▶ [EXERCISE DATA]:
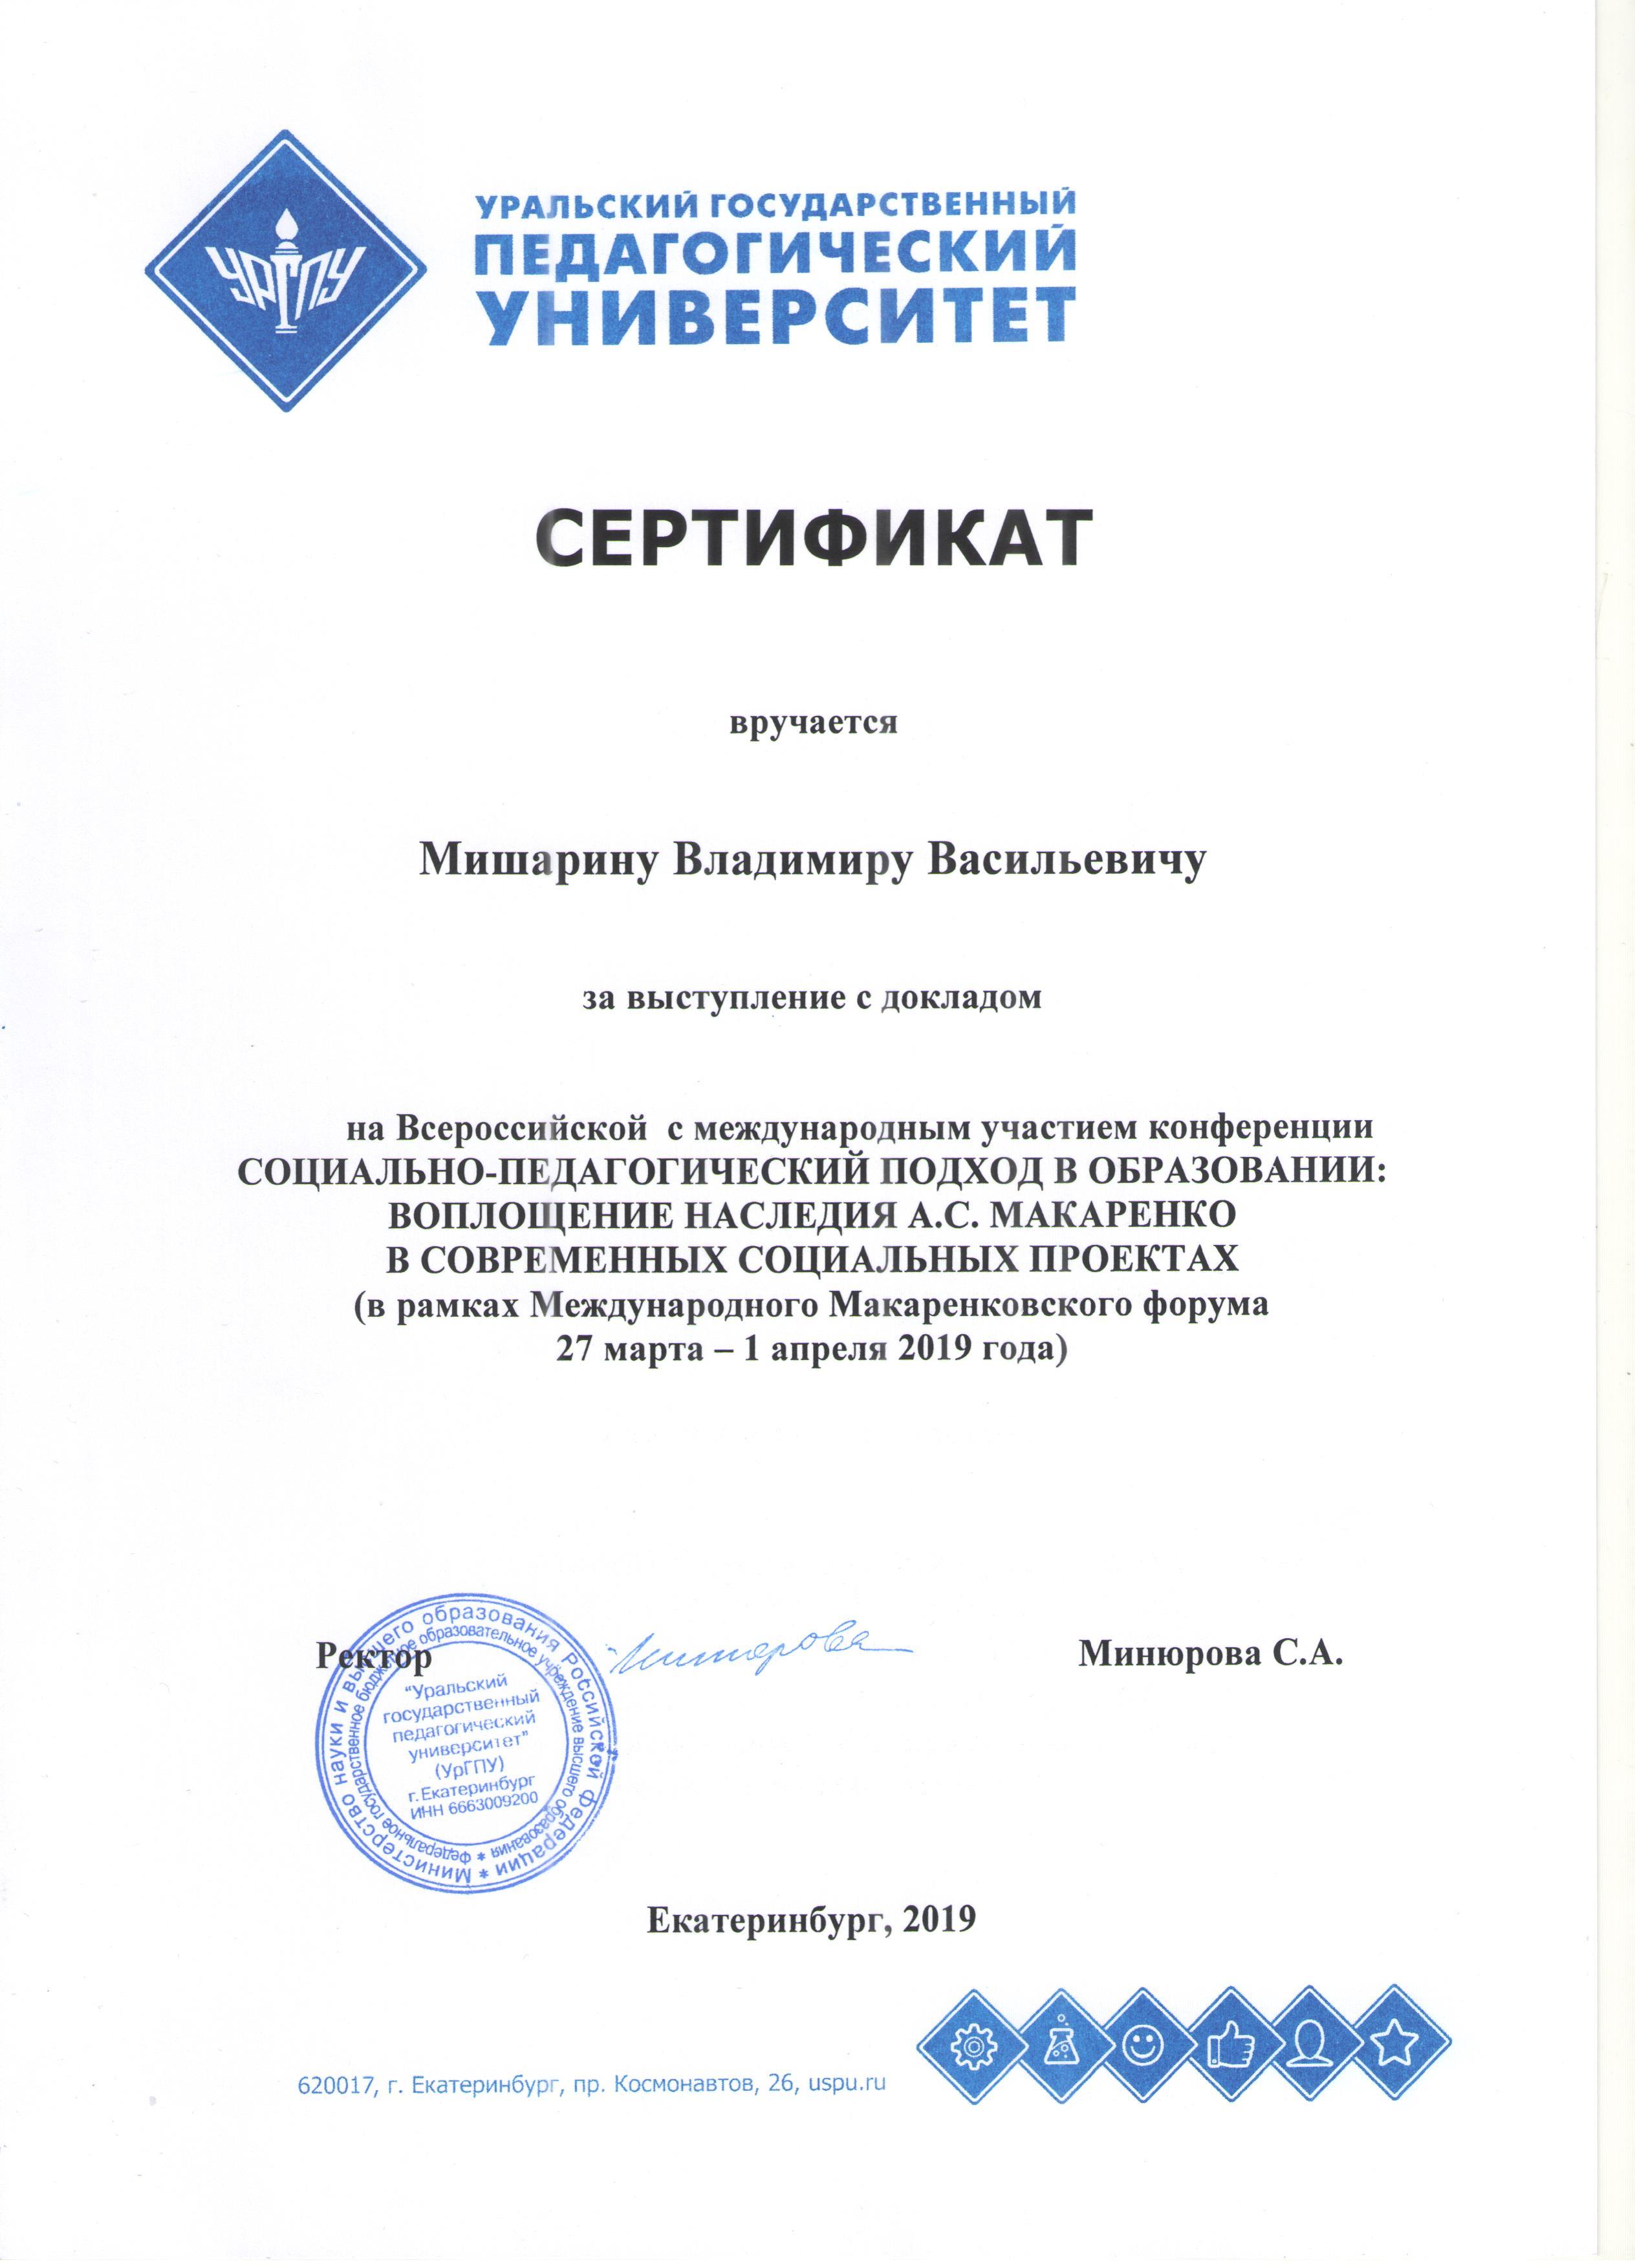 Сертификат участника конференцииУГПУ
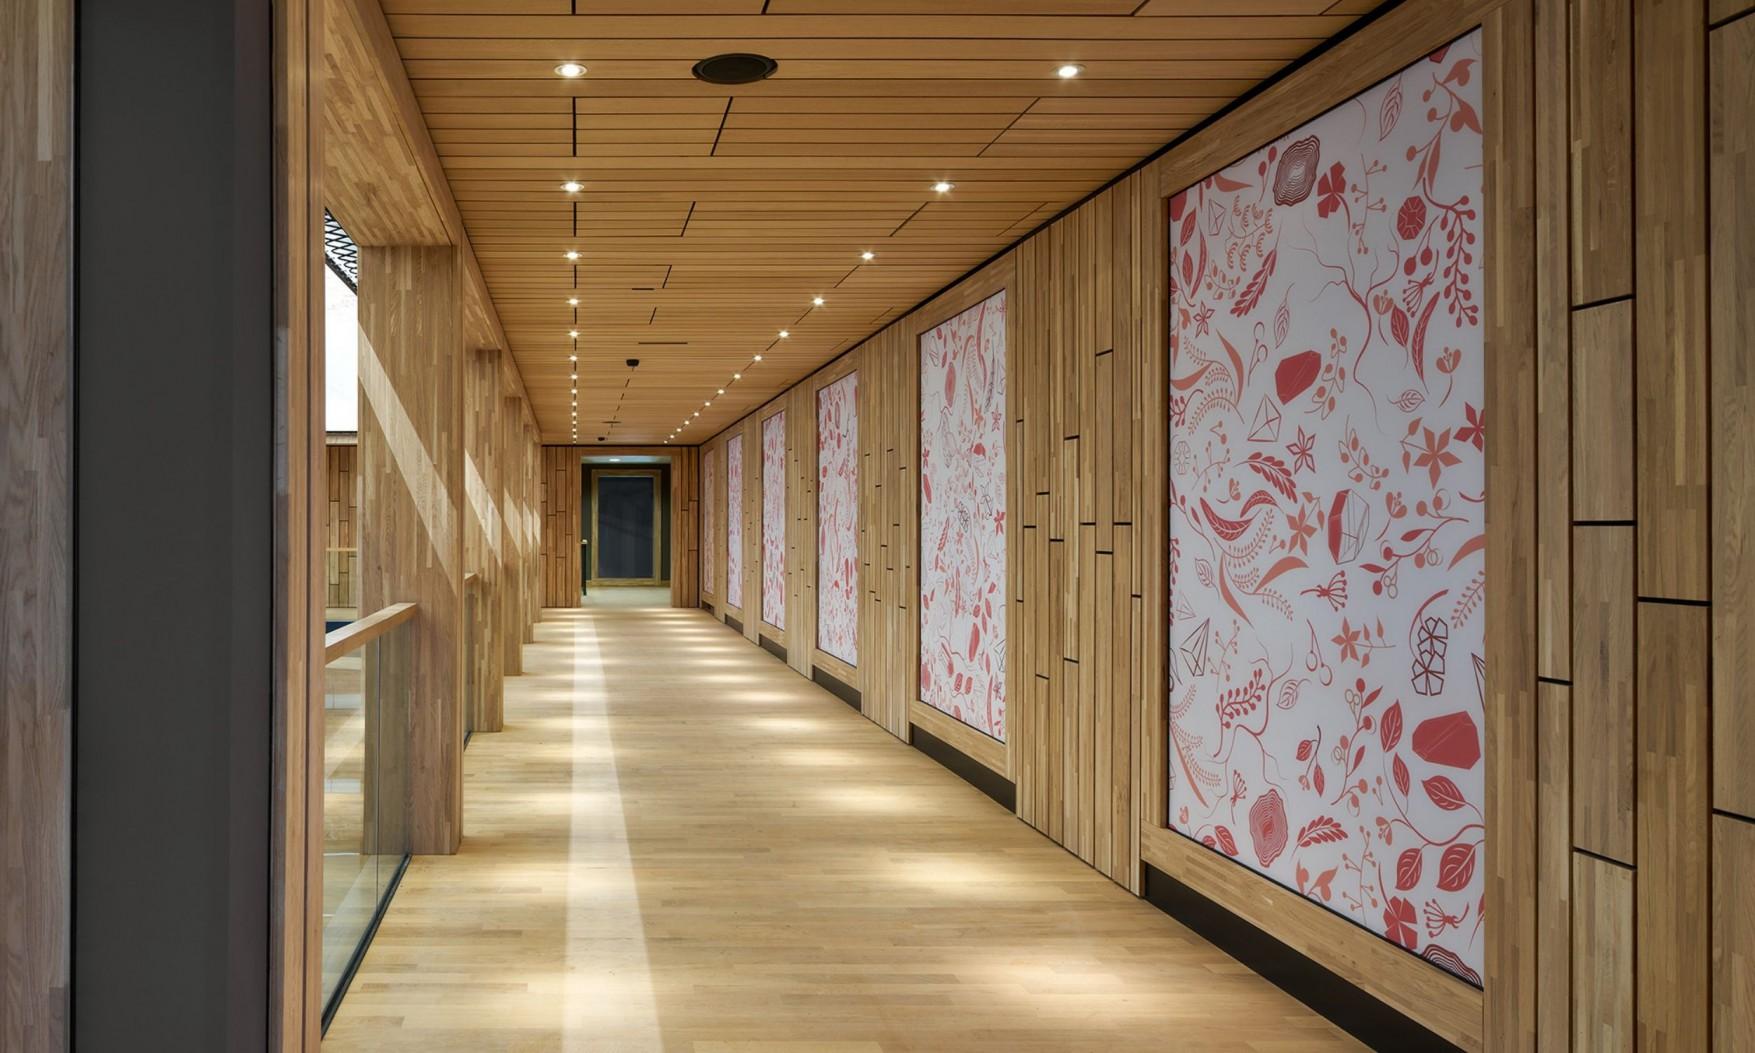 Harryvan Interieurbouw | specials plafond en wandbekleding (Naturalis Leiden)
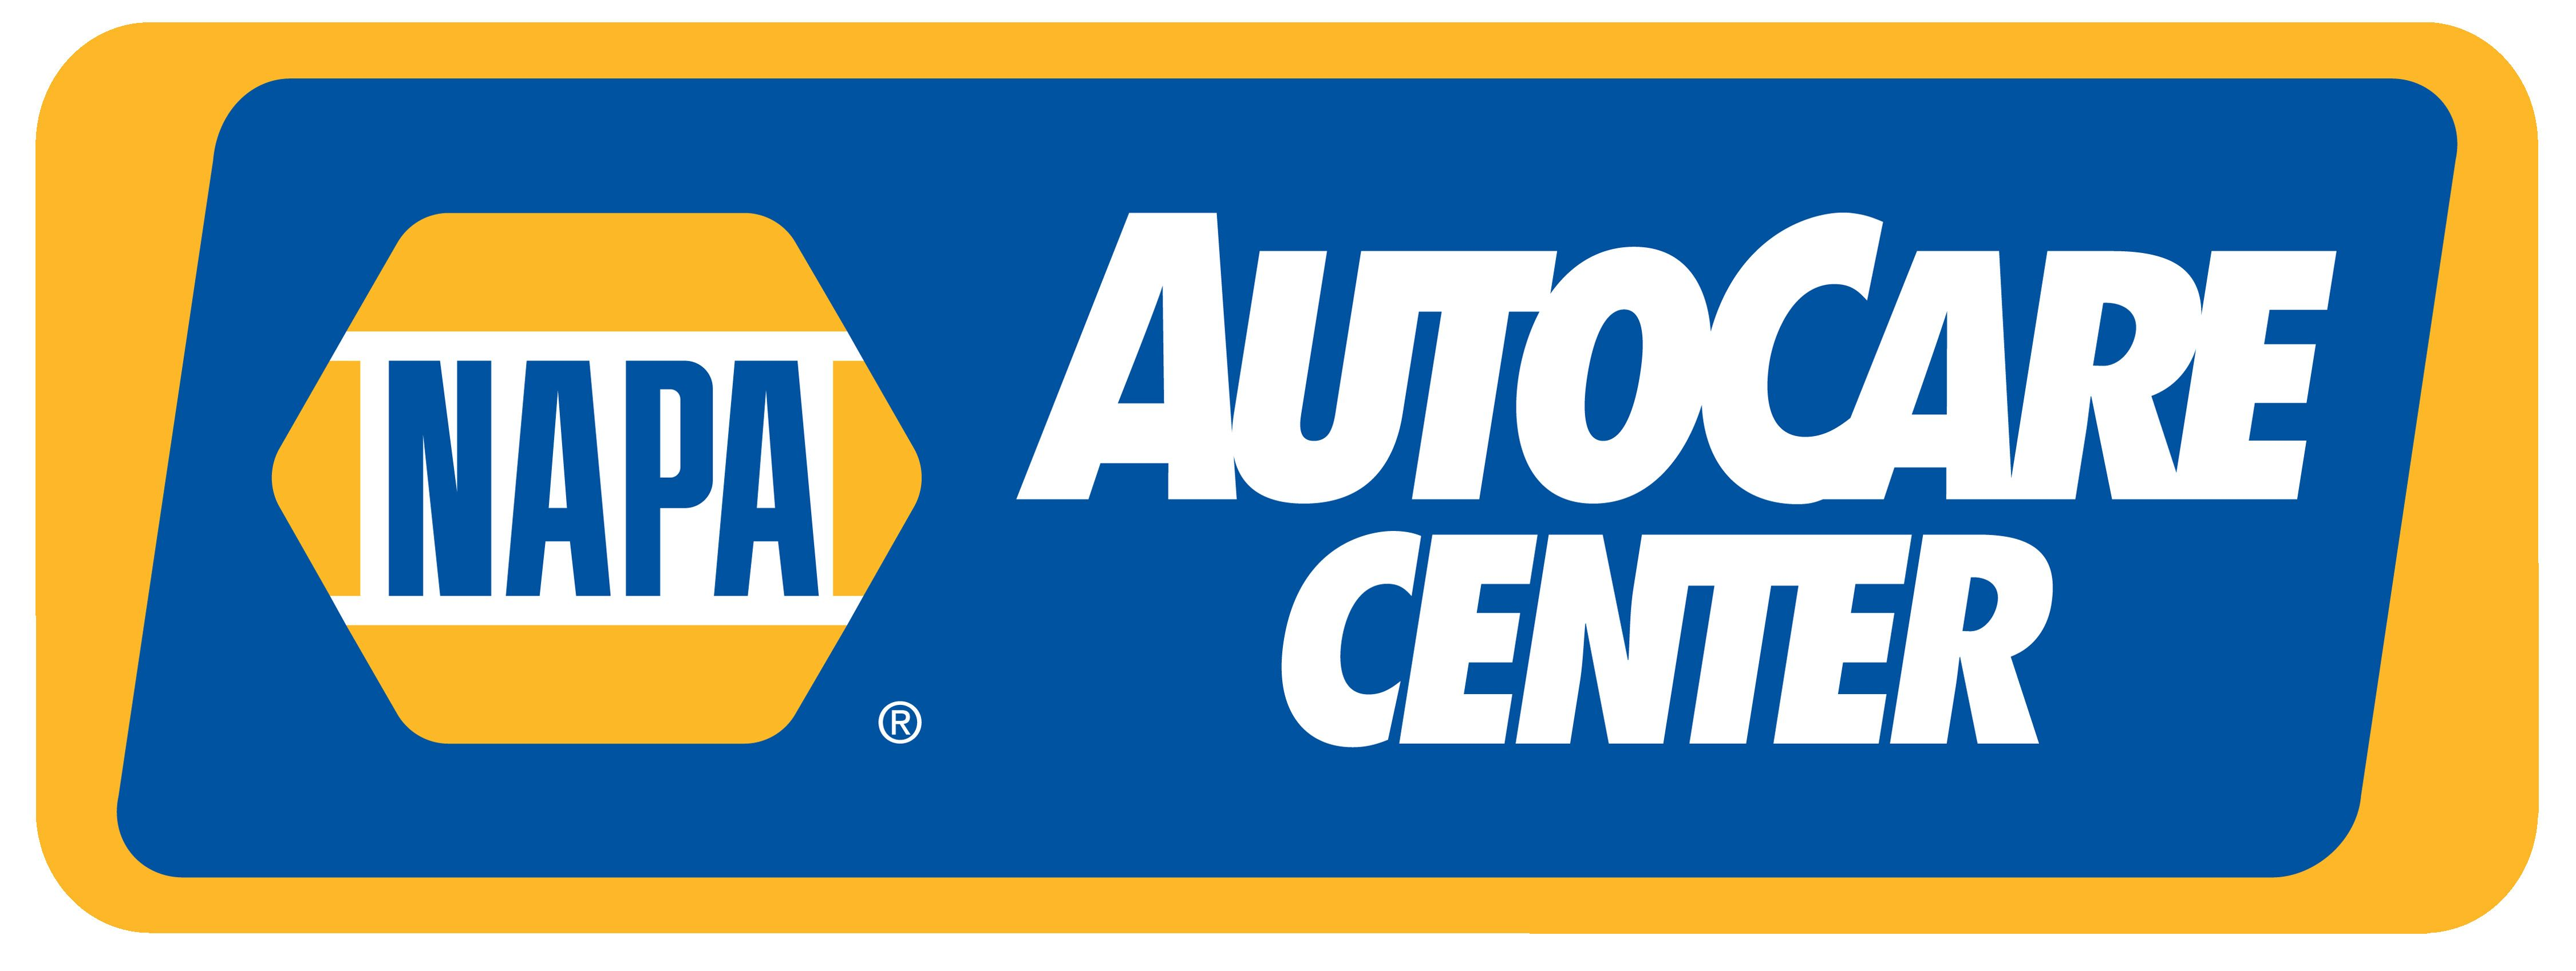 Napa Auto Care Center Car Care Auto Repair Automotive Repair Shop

▶ [WORK TO BE COMPLETED]: Please copy the data shown above word for word, omitting the pictures.

▶ [SOLUTION TO THE PROBLEM]:
 Сертификат участника конференцииУГПУ
 Harryvan Interieurbouw | specials plafond en wandbekleding (Naturalis Leiden)
 Napa Auto Care Center Car Care Auto Repair Automotive Repair Shop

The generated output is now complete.